I used to think I had all the time in the world to say what mattered. But time is ruthless, slipping through cracks and closing doors before you even realize it’s happening. Now, all I have is this letter, Beckett’s words frozen in ink from a life that should have stretched so much further.
“Hey KitKat,” I murmur, my heart heavy as I speak. “I don’t know where you are, if you’re watching, if you even care. But I miss you. That much, I know.” I press my palm against the cool stone, my throat tightening. “You’d be rolling your eyes at me right now, telling me I should’ve come sooner. And yeah, you’d be right. I should have. But I wasn’t ready.” I swallow hard, staring down at the letter. “I think I am now. Or at least, I want to be. But before I can move forward, there’s something I have to say.”
The pressure behind my eyes builds, but I refuse to let it take over. “I’m sorry.” The words are bitter in my mouth, too little, too late. “I should have told you when it mattered, when you were standing right in front of me instead of buried under six feet of dirt. But I didn’t, and I hate myself for it.” My breath shudders. “You were brilliant, Beckett. You were everything. And I wasted time being angry when I should’ve just said I was proud of you. I’m still proud of you.”
I slam my eyes shut, but it does nothing to hold back the flood. The grief boils over, the self loathing twists deep, and then—then I’m crumbling, shaking, the tears tearing their way free.
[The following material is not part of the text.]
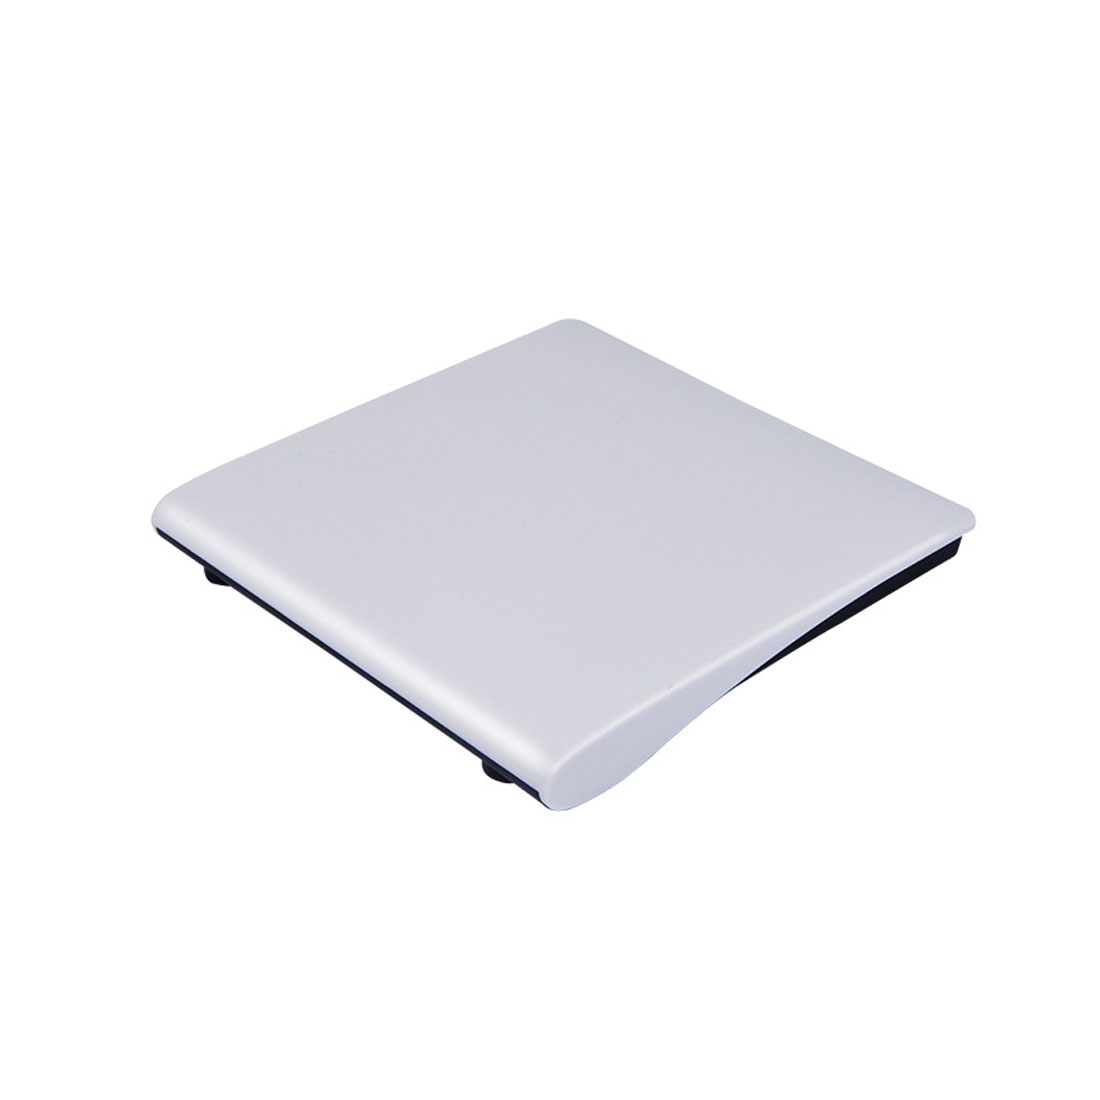 New White External Optical Disk Drive Case Box USB 3.0 SATA High Speed for Macbook Windows PC Laptop CD/DVD-ROM Optical Box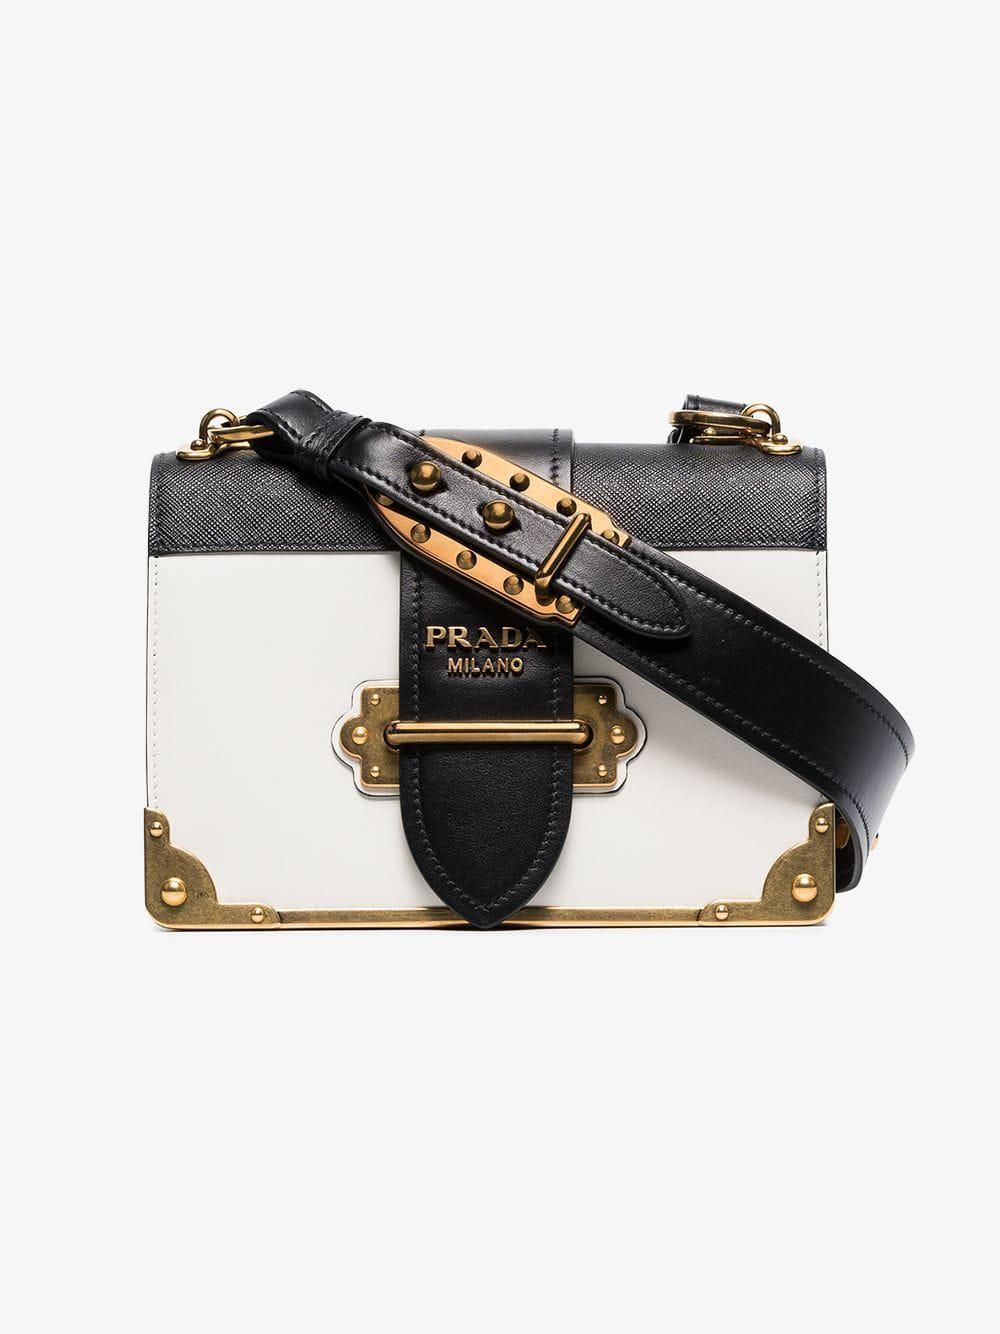 35f3cf5672ba Lyst - Prada Black And White Cahier Leather Bag in White

“You were fearless. Or at least, that’s what it looked like from where I was standing. Every dream you had, you just reached for it and somehow, the universe made room for you. But me? I spent my whole life feeling like I had to ask permission just to exist. But when I found out you kept your scholarship from me, it was more than just a secret. It was proof that you saw it too—the gap between us, the way my world was so much smaller than yours.” Tilting my head back, I blink hard, willing the tears to ease. “That crushed me more than the secret ever could. You never really knew how much I wanted the world for you.”
Wind stirs the grass around me, dragging against the earth in a way that feels almost impatient. The sky bruises with the retreating sun, streaks of deep purple and orange stretching wide, the world feels too open, like it’s waiting for me to finish.
“I should have been there that night. I told myself I needed space, that there’d be time to fix things—but there wasn’t. Tomorrow never came for you.” I press my palm to my sternum, like I can keep my insides from spilling out. “And now, I’d give anything to go back, to find you by the fire, and tell you what mattered most.” My throat cinches around the words I’d give anything for him to actually hear. “I love you, Beckett.”
My lips press together as I smooth out his letter, the words settling into the space grief carved out a long time ago. For a second, he’s here—not in body, not even in voice, but in the rhythm of his handwriting. Each sentence sinks deeper than the last, pressing into me like footprints left in wet cement.
When I reach the end, my eyes catch on his signature. My thumb dragging over the slant of each letter, half expecting it to smear beneath my touch, to react in some way—to acknowledge me. But the ink stays. The silence stays. And for the first time, I let myself stay with it.